This paper builds on the existing research framework by combining PPO with machine learning-based load forecasting to produce an optimal solution for an industrial microgrid in Norway under different pricing schemes including day-ahead pricing, and peak pricing. It addresses the peak shaving and price arbitrage challenges by taking the historical data into the algorithm and making the decisions according to the pattern of energy consumption, battery characteristics, PV production, and energy price.

The paper is distributed into four different sections. The microgrid architecture is discussed in Section 2 with the components of the microgrid at the industrial site in Norway. In Section 3, the design and workflow of the EMS algorithms are discussed and the results from the algorithms are presented in Section 4 while Section 5 concludes the paper.

2. Microgrid Architecture

The microgrid at the industrial site in Norway is a grid-connected system with 200kWp of PV generation, a 1.1 MWh battery storage system, a 360kW electric vehicle charger, and two types of loads. The overall system diagram can be seen in Figure 1. There are several smart meters (denoted by SM) installed to record the energy flow. Load 1 and Load 2 are the main electricity loads, where load 1 is an industrial load while load 2 is a smaller load from an existing old building.

The 1.1 MW battery energy storage system (BESS) is used for backup energy supply and storage. This stored energy is sold back to the grid when the electricity prices are high. The 360kW electric vehicle (EV) charger is present at the facility to charge the electric lorries and trucks.

2.1. PV System

The PV system is distributed in three different areas in three buildings. The south building is a facade configuration with 44 panels with 310 watts each while the southeast building is equipped with 96 modules with an 11° inclination and with roof-mounted configuration. Similarly, the northwest building is configured with 74 solar panels with an 11° inclination towards the northwest.

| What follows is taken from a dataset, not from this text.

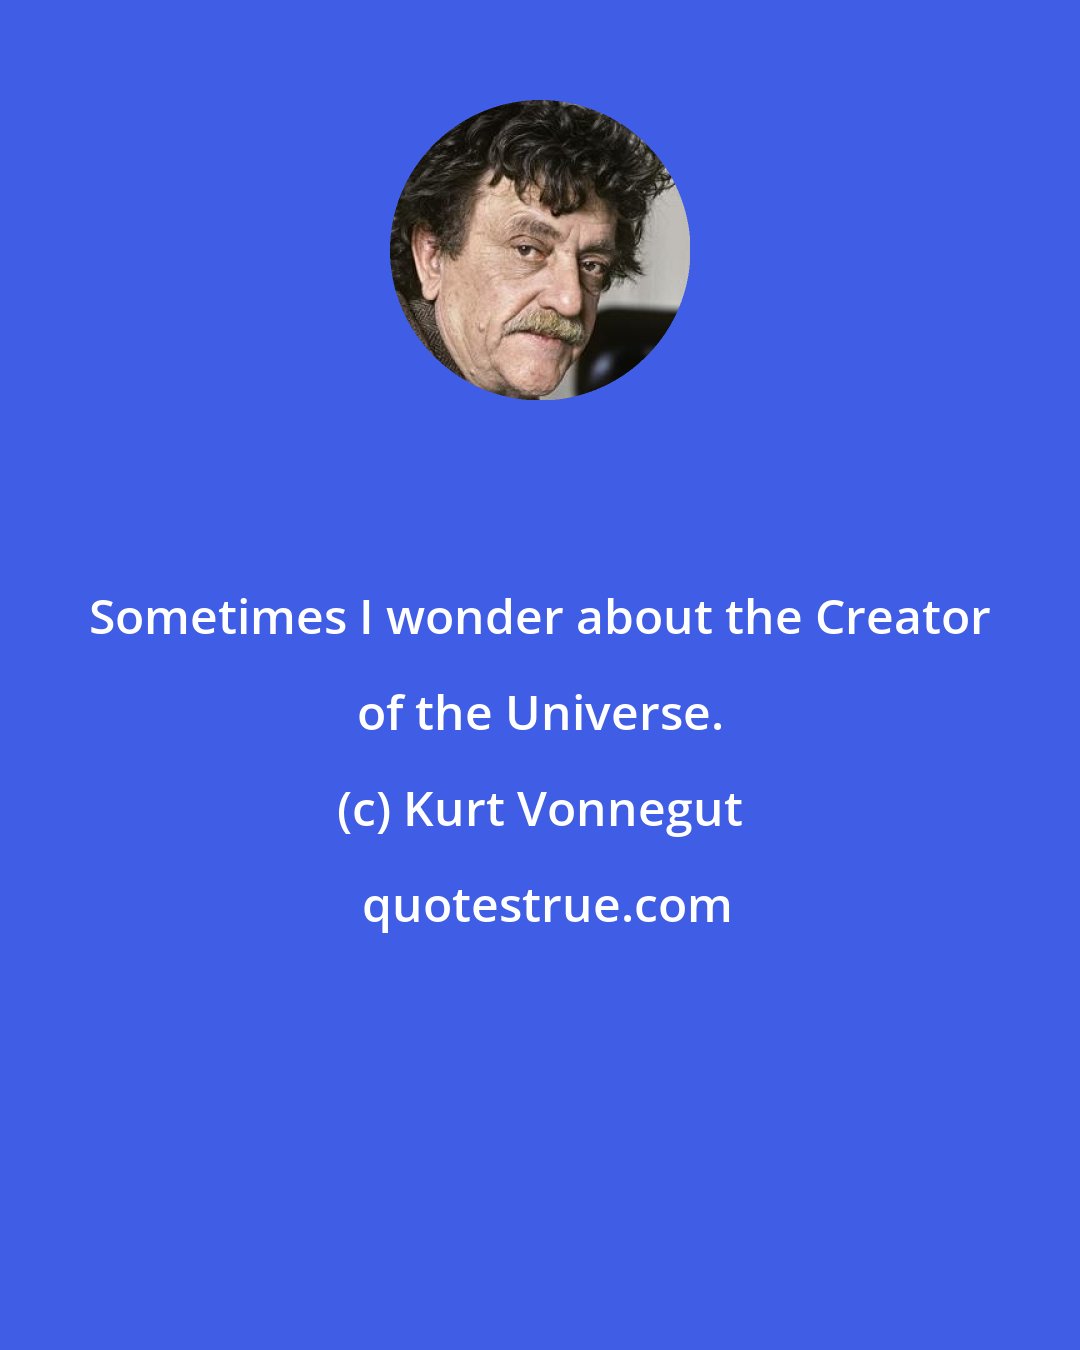 Kurt Vonnegut: Sometimes I wonder about the Creator of the Universe.

The PV system also contains 3 inverters to couple it with the IMG. Based on the irradiance in the area, the anticipated PV energy production throughout 2024 was calculated using PVSOL software, and the results are displayed in Figure 2. Table 1 shows the general parameters of the PV system.

2.2. Battery Energy Storage System

The BESS used is a 1.1 MWh container unit equipped with bidirectional inverters also called Power Conversion System (PCS). It is outfitted with high-precision sensors to monitor all its internal parameters such as temperature, humidity, voltage, and current, and protect against overcharging, flooding, or fire. This is achieved using a series of logical interlocks and a mix of hardware and software safeguards. The battery and inverter specifications are given in Table 2.

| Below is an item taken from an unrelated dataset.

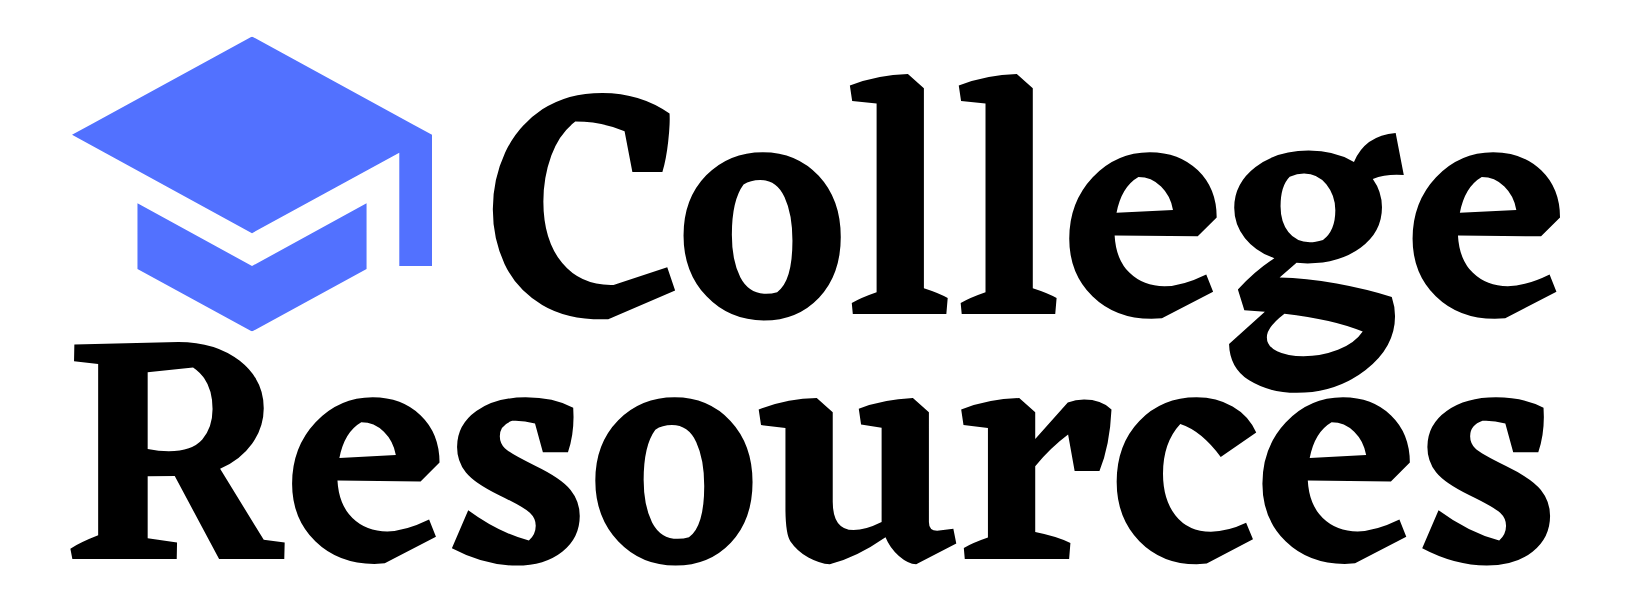 College Resources banner

An essential component of controlling the energy transfer between the battery storage system and the electrical grid is the bidirectional inverter or Power Conversion System (PCS). Its primary job is to charge the batteries by converting alternating current (AC) from the IMG into direct current (DC), and vice versa. For applications such as peak shaving, where excess energy is kept during low demand times and released at peak demand to sustain grid operations, this bidirectional capability is essential.

The inverter or PCS system has the ability to operate in both grid-tied and off-grid modes. This system is adaptable for a range of energy storage requirements since it can handle broad battery voltage ranging from 600V to 900V, generate up to 500kW of nominal power, and support up to 8 battery strings. With an efficiency above 97%. For efficient thermal management, the PCS unit uses forced air cooling, which ensures peak performance even at full load.

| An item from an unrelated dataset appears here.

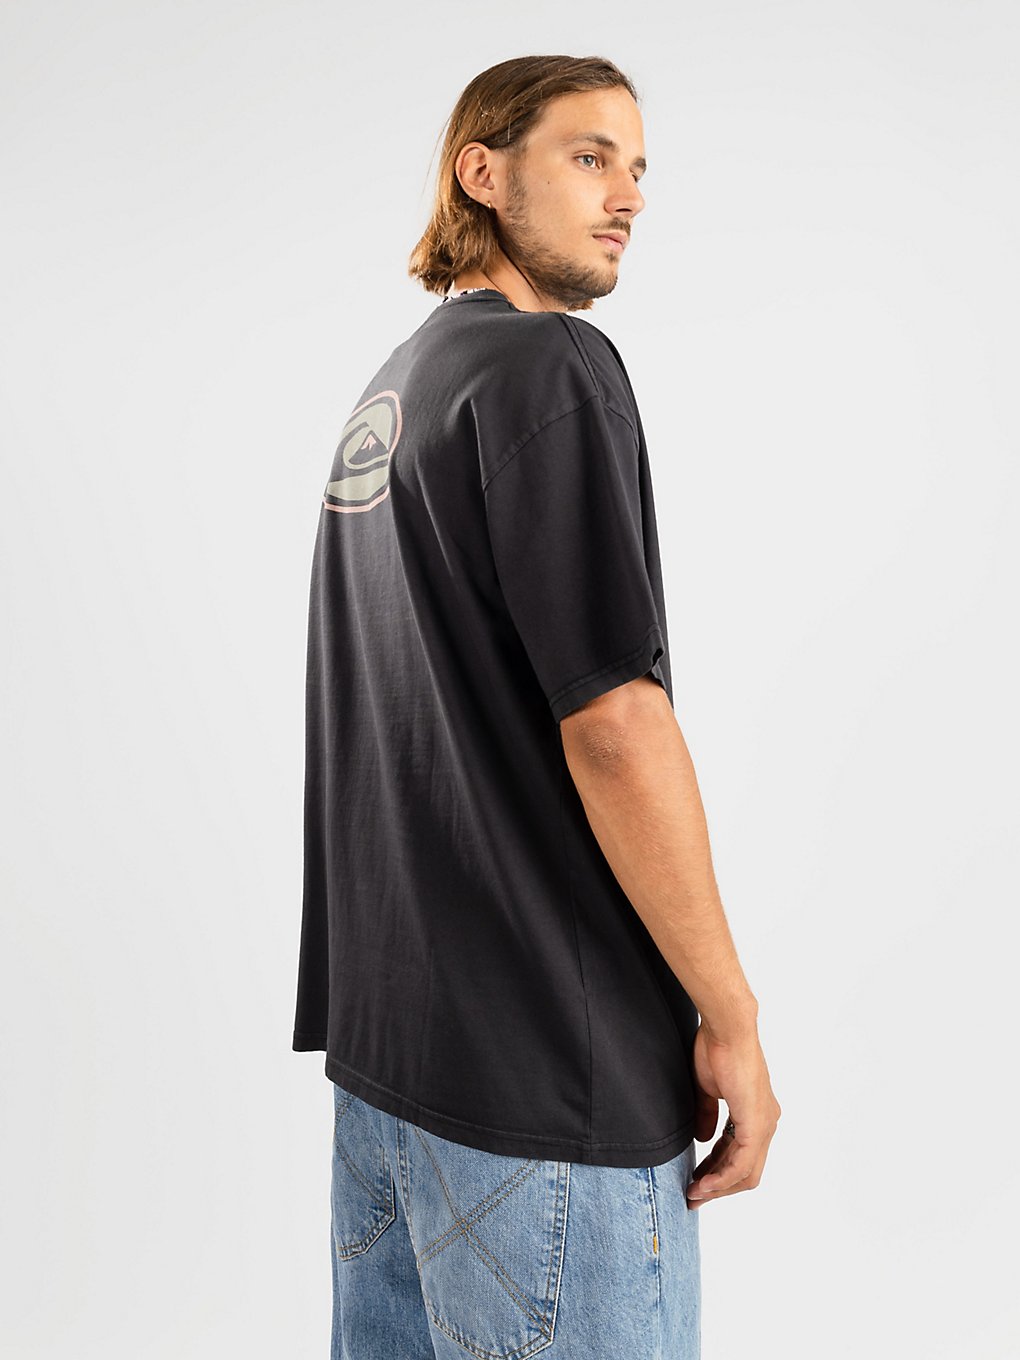 Quiksilver Heritage Oval T-Shirt black kaufen

Table 3. Table showing Inverter Specifications.

Parameters	Values
Rated Voltage	400V (L-L)
Rated Frequency	50/60 Hz
AC Connection	3W+N
Rated Power	2x500 kW
Rated Current Imax	2x721.7 A
Power Factor	0.8-1 (leading or lagging, load-dependent)

In addition to the main components, the system also contains other IoT devices, smart meters, GPC (Grid Power Controller), etc. These devices function as a gateway to the battery system so that it can be controlled with the help of software programming. They operate on LINUX and use the MODBUS TCP protocol [25] for communication with local or remote servers and to send data to the cloud.

Figure 1, illustrates the four smart meters in the industrial microgrid out of which SM1 is a virtual smart meter while SM2, SM3, and SM4 are the physically present meters connected to the loads and DERs. These smart meters measure apparent power, active power, and reactive power using the true RMS value measurement (TRMS) up to the 63rd harmonic in all four quadrants [26].

3. Energy Management System

The basic block diagram of the energy management system is shown in Figure 3. It receives the measurements from the IMG, processes all the data, and uses different optimization algorithms to produce energy dispatch commands that are sent back to the IMG. These algorithms are explained in the following sections.

3.1. Data Acquisition and Processing

The EMS development steps are shown in Figure 4. The first step to developing an energy management system is to collect data from different components such as PV, battery storage system, grid, etc. The data can be collected using various sources such as smart meters, data loggers, a database or cloud system, or publicly available API services. The PV irradiance data was taken from PVSOL simulation software. Another important set of data to be read for the EMS development was the consumption data from the loads present at the industrial site and the grid import. Since the area is primarily a manufacturing site, the majority of its load or consumption is from heavy machines used for manufacturing. The load values and grid import values are collected using the Phoenix Contact smart meter [26].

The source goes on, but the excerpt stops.